Six months ago, things looked pretty bleak for the Democrats. Town Hall meetings were exploding with astroturf protesters. Obama's "waterloo" seemed assured. The Tea Party movement (brought to you by FOX News, after these messages) was making a name for themselves (and the name was "teabaggers"). It was all going downhill. And then - Teddy Kennedy died and his seat was filled in a special election by - a Republican.

Somehow, though, Democrats still managed to get the dreaded health care bill through, passed and signed. As Obama declared after signing the bill, the sky didn't fall. Still - pundits everywhere were (and still are) declaring that Democrats will lose big in the November mid-term elections.

However, things aren't looking quite as bleak as the predictions have foretold. Yesterday, democrat Ted Deutch won a special election to fill the seat being vacated by Wexler. Republicans had hoped to pull another one from a Democrat, but it was not to be so. The pundits say it means nothing, but it shows that voters are not changing their allegiances as much as the pundits say (and Republicans hope).

And that big win with Scott Brown? He's not the lock-step marching Republican they'd hoped he'd be.
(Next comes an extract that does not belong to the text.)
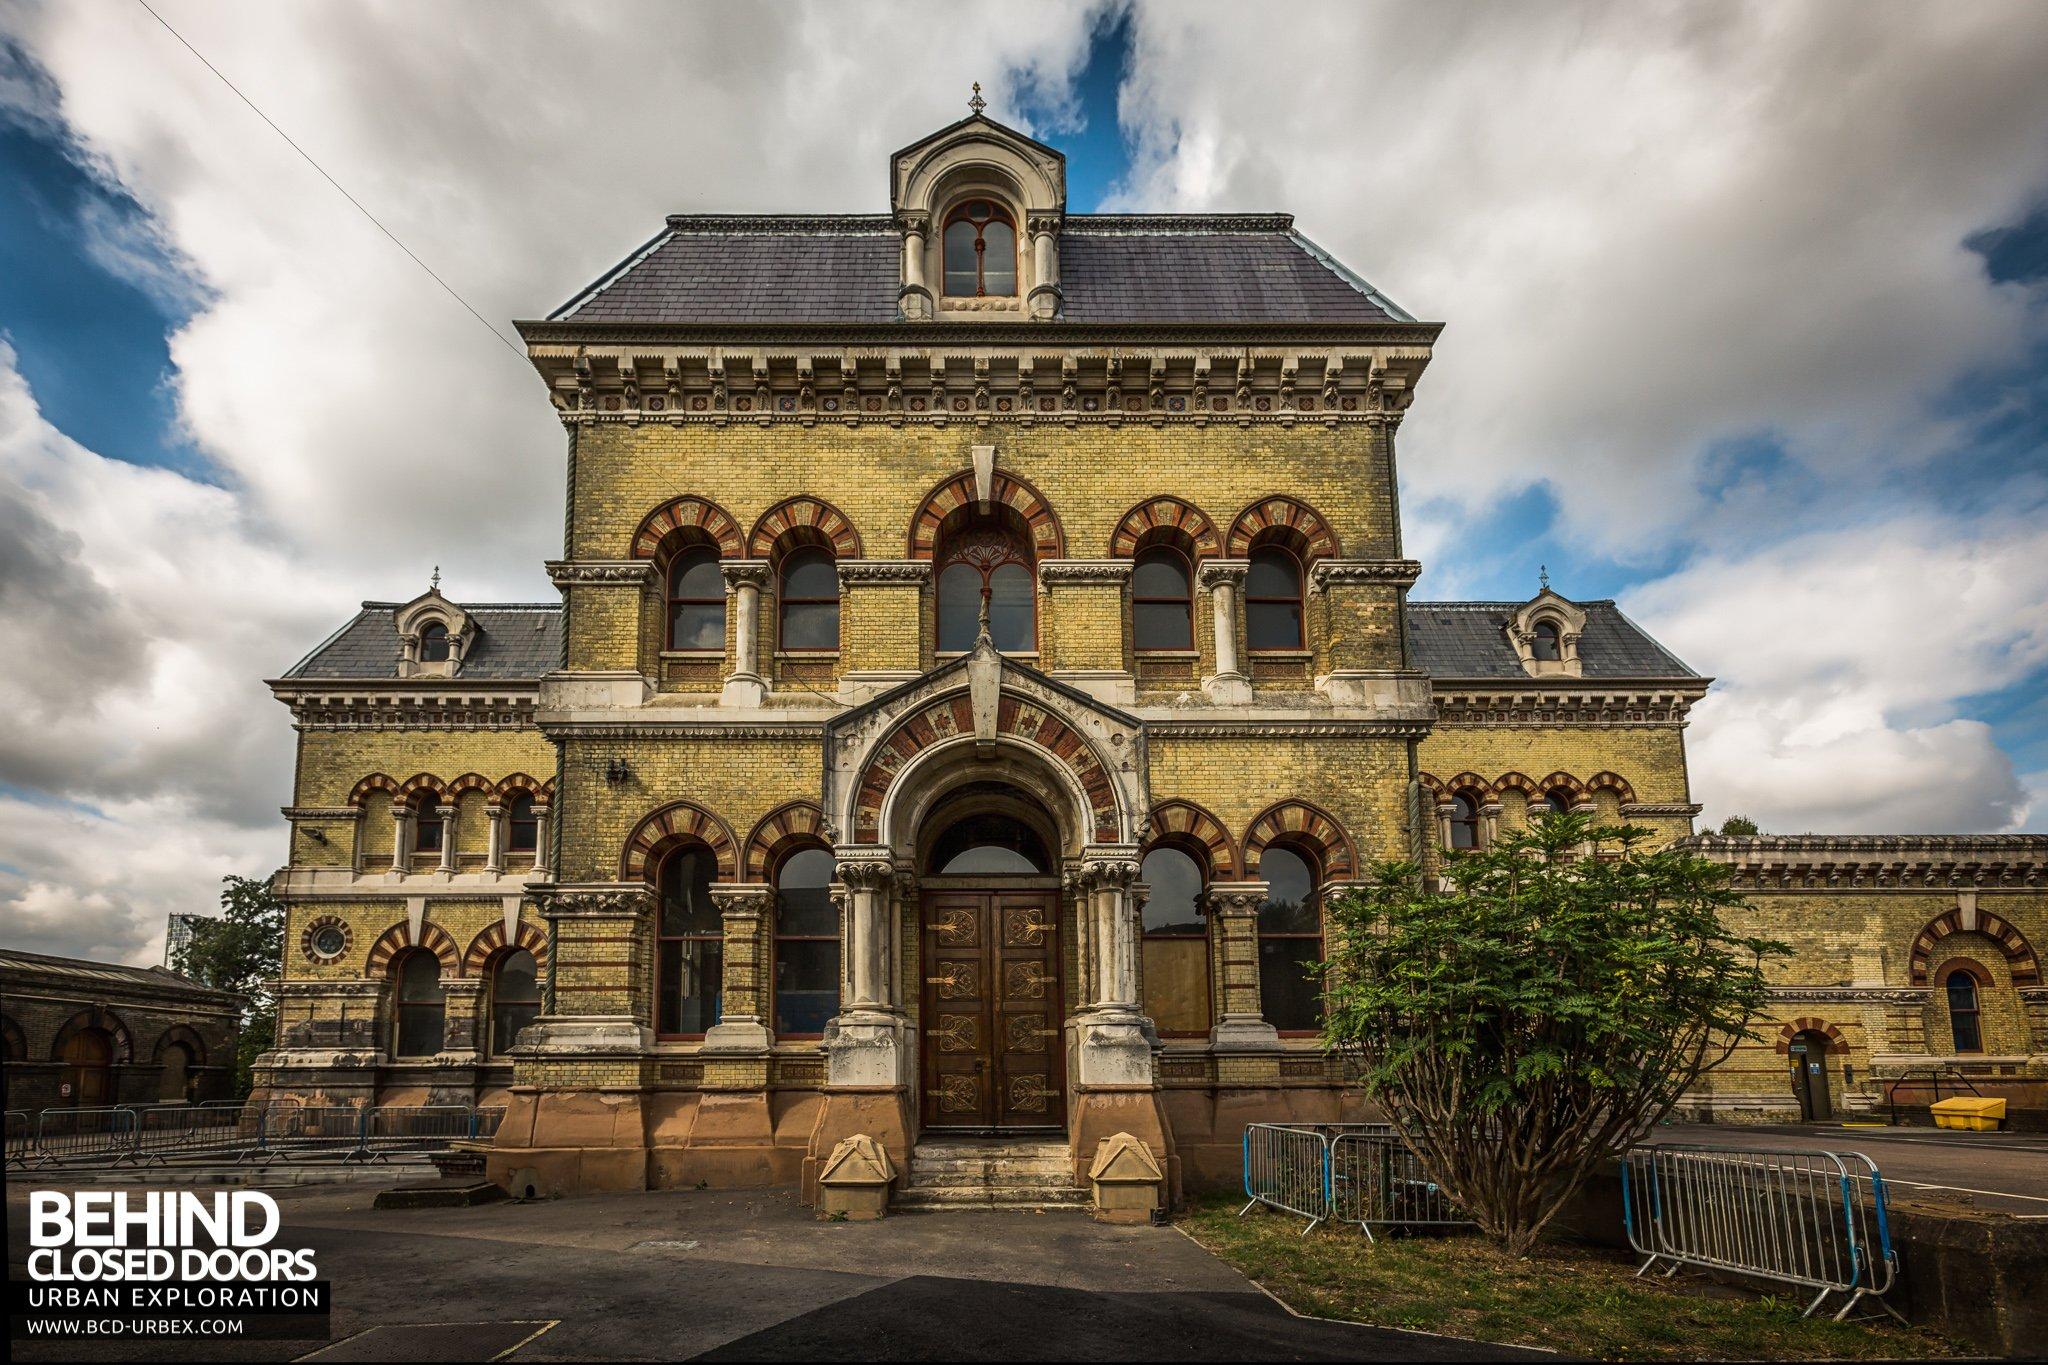 Abbey Mills Pumping Station \u2013 Grand ornate doors & Abbey Mills Pumping Station London UK » Urbex | Behind Closed ...

He's helped the Democrats by preventing two filibusters so far, voting with the Dems on extending unemployment benefits, as well as the jobs bill in February. Perhaps there is hope for a change to bipartisanship after all.

Another Republican siding with the Democrats is retired Senator Pete Domenici (R-NM), who agrees that letting the Bush tax cuts expire would help reduce the deficit. Sure he tempered that with other cryptic comments, but he was in the Senate when the tax cuts were enacted; he was part of that machine.

What the pundits don't get is that the opposition to the healthcare bill was loud, but coming from a minority of Americans, most of them already solidly on the right side of center. There was concern, but not a lot of opposition from the center, which will dissipate as the truth about the law becomes known. Discontent from the left over the law's weaknesses will dissipate as well. Any voter discontent from progressives will come in the primaries as they support Democratic challengers to incumbents.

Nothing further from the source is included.